# [Data excerpt]
········
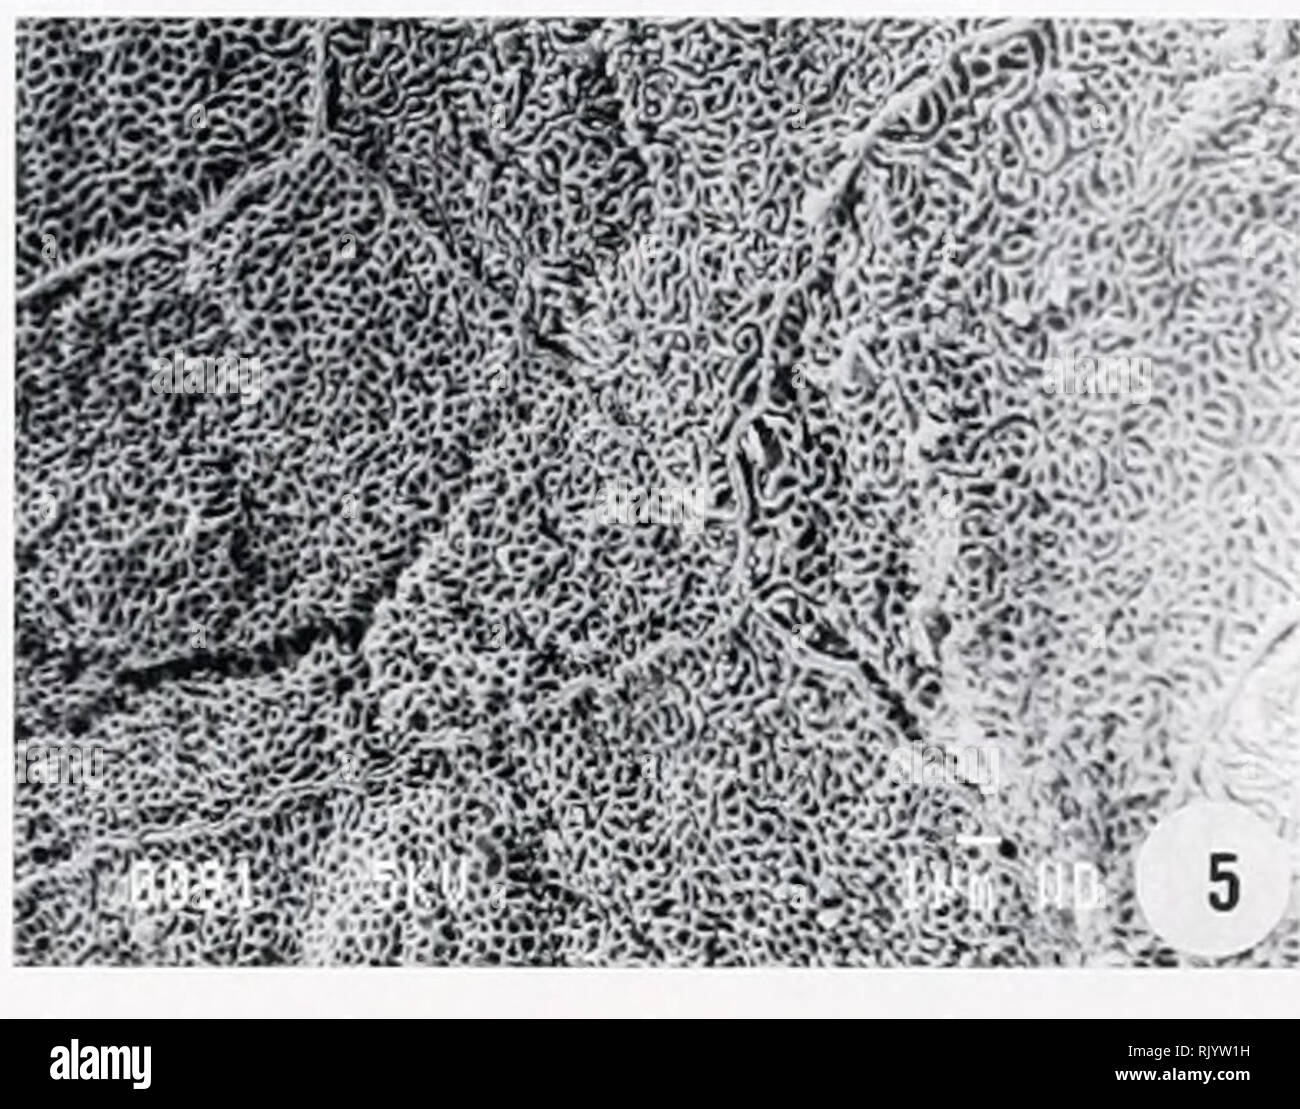 . Herpetological asiatico ricerca. Rettili -- Asia periodici; Anfibi -- Asia periodici. - "I FIG. 4. Squamosal cellule con breve spinulae, vista ventrale, prossimale del pad del dito III (Batrachylodes vertebralis, MNHN 1970.1407, Isole Salomon).. FIG. 5. Squamosal cellule con microridges, vista ventrale, al di fuori della scanalatura circonferenziale del dito HI (Amolops marmoratus, MNHN 1988.2787, Nepal). r "V* '.J* tf"SS. Si prega di notare che queste immagini vengono estratte dalla pagina sottoposta a scansione di immagini che possono essere state migliorate digitalmente per la leggibilità - Colorazione e aspetto di questi illustrat Foto Stock
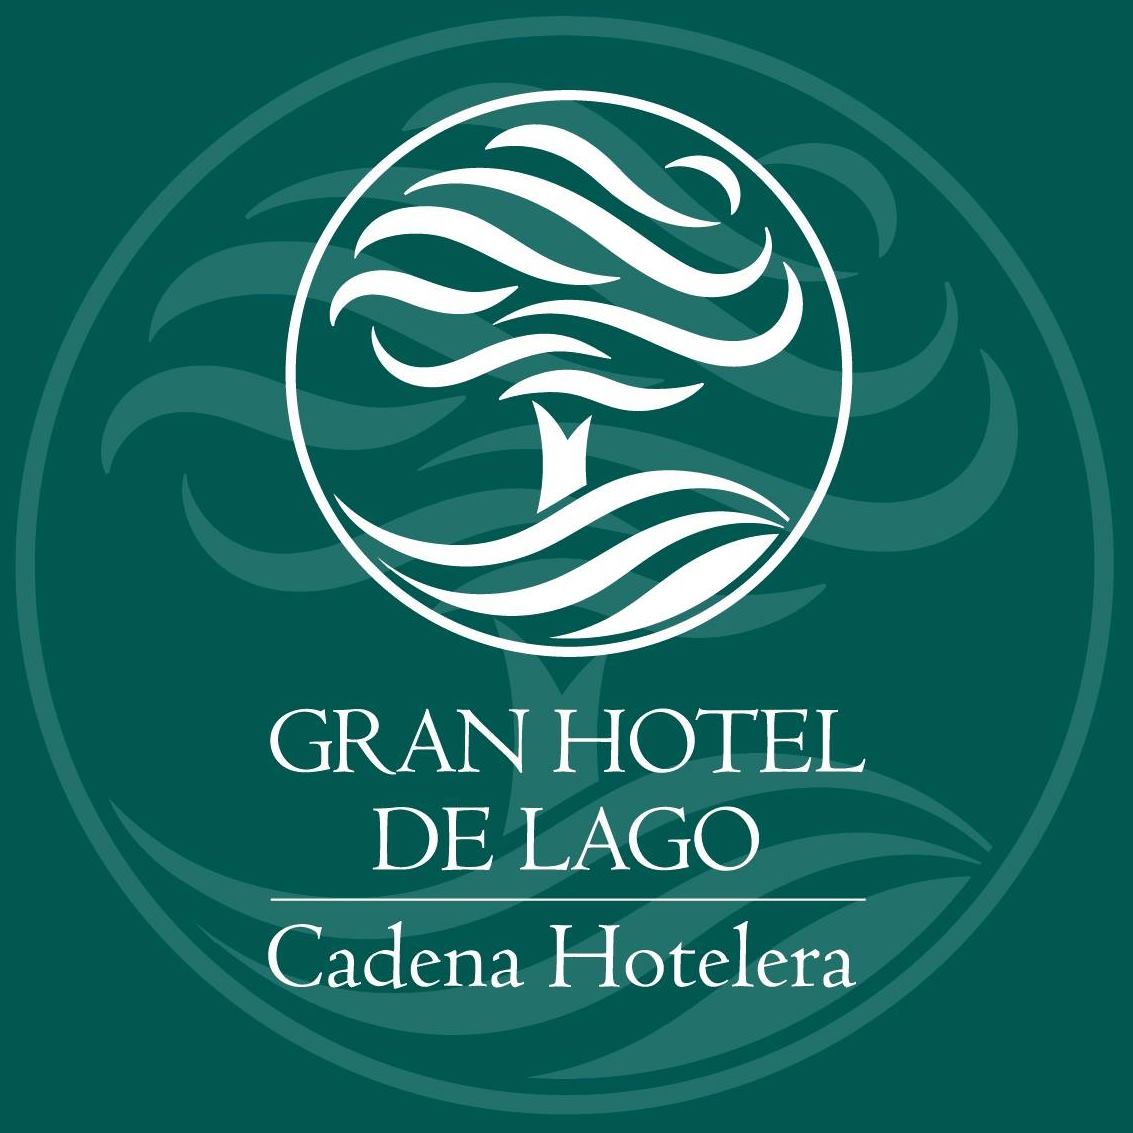 Cadena Hotelera Gran Hotel de Lago
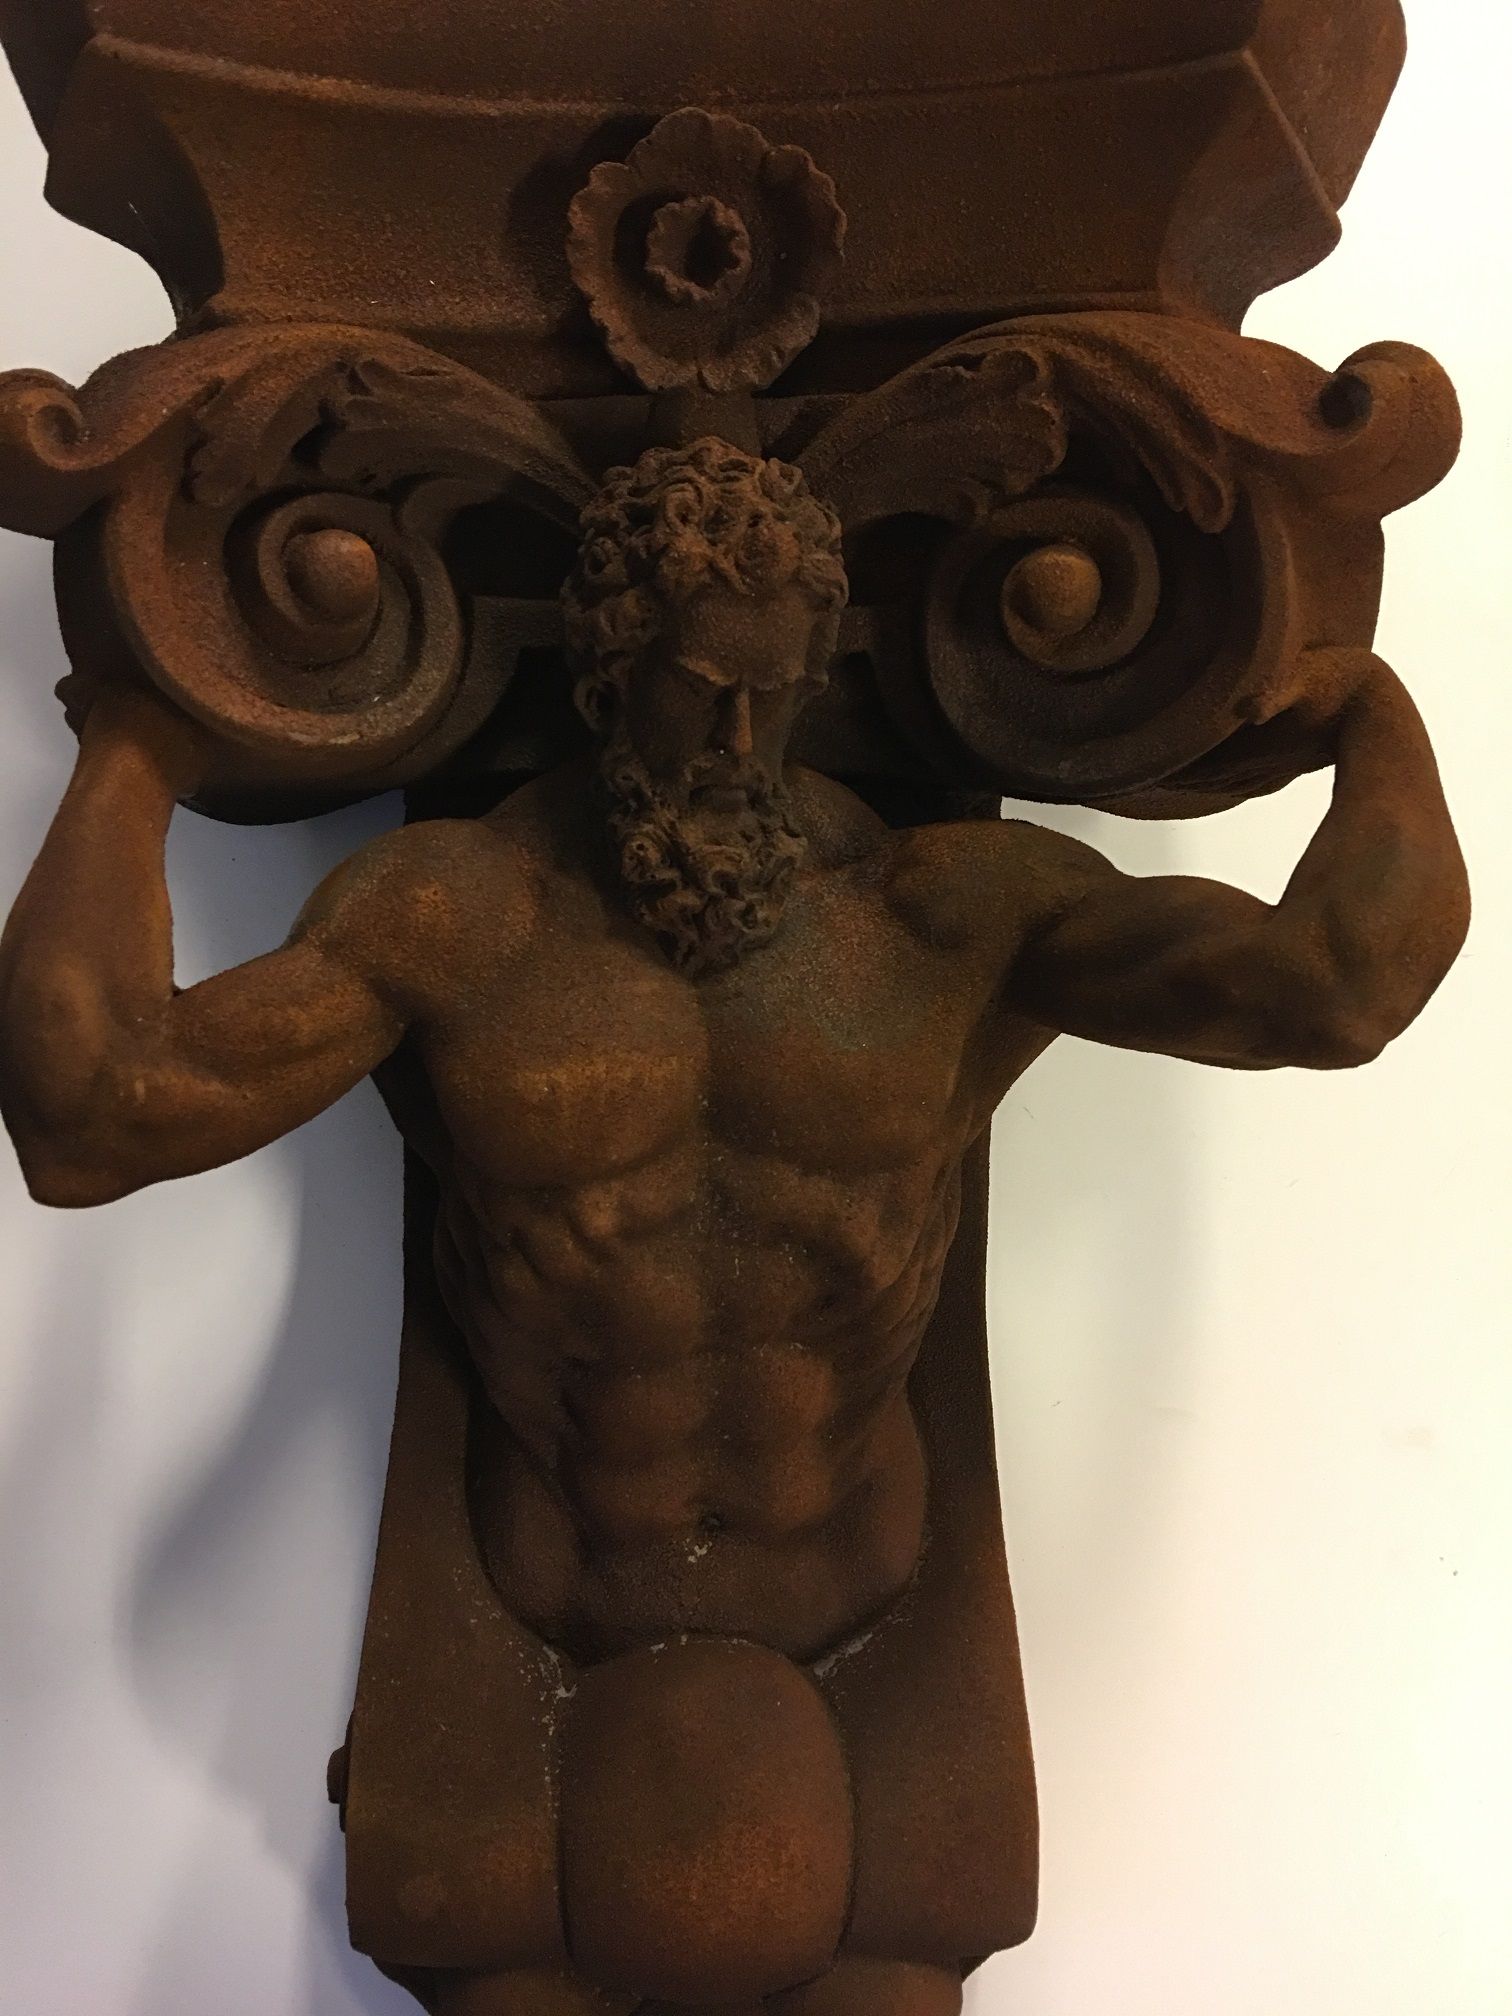 Zeer opvallende muurbeugel -ornament met gragende man, Polystone-rust
········
# [Required work]
Leave out the pictures, and write out exactly the lines from the one containing "Cadena Hotelera Gran Hotel de Lago" through the last line of the listing, both included.

# [Response to the task]
 Cadena Hotelera Gran Hotel de Lago
 Zeer opvallende muurbeugel -ornament met gragende man, Polystone-rust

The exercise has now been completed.